### YOUR ASSIGNMENT
Your answer should be every line of the entries that has the string "High" in it.

### SUPPLIED DATA
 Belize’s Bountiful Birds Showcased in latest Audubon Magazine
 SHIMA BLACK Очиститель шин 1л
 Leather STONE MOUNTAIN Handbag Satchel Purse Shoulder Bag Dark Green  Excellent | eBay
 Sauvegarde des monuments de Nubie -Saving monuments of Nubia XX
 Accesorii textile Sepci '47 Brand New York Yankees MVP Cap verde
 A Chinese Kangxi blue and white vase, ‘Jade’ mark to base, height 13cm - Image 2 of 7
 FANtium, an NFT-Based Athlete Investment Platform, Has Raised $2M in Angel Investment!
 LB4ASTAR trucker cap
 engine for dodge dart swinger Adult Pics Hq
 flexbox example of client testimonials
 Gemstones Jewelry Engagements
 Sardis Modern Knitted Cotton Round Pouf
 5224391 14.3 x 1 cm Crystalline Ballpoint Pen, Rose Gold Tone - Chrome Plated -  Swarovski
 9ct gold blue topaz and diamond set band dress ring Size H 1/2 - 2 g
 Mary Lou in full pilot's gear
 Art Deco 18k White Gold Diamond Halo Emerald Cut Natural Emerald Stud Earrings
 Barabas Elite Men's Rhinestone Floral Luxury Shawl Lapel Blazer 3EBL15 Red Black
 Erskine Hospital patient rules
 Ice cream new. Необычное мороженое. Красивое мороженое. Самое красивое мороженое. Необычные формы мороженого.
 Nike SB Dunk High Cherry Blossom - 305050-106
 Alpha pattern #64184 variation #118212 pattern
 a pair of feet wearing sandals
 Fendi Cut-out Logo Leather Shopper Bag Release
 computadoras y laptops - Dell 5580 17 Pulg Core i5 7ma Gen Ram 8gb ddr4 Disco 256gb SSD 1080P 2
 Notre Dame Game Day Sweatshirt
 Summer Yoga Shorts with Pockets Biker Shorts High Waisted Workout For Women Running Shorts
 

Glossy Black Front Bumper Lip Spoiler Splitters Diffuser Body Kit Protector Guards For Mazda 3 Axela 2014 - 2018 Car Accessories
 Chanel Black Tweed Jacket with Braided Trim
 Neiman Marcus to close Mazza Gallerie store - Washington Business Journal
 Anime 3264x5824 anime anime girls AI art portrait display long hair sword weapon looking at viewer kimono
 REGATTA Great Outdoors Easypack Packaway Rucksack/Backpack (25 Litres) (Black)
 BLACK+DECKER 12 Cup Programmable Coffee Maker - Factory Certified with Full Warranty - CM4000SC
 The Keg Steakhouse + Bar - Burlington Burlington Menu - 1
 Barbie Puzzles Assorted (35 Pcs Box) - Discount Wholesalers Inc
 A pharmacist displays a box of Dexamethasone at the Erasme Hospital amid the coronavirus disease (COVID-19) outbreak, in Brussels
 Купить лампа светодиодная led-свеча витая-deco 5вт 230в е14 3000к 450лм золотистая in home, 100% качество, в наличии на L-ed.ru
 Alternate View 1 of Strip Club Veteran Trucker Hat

### REPLY
 Nike SB Dunk High Cherry Blossom - 305050-106
 Summer Yoga Shorts with Pockets Biker Shorts High Waisted Workout For Women Running Shorts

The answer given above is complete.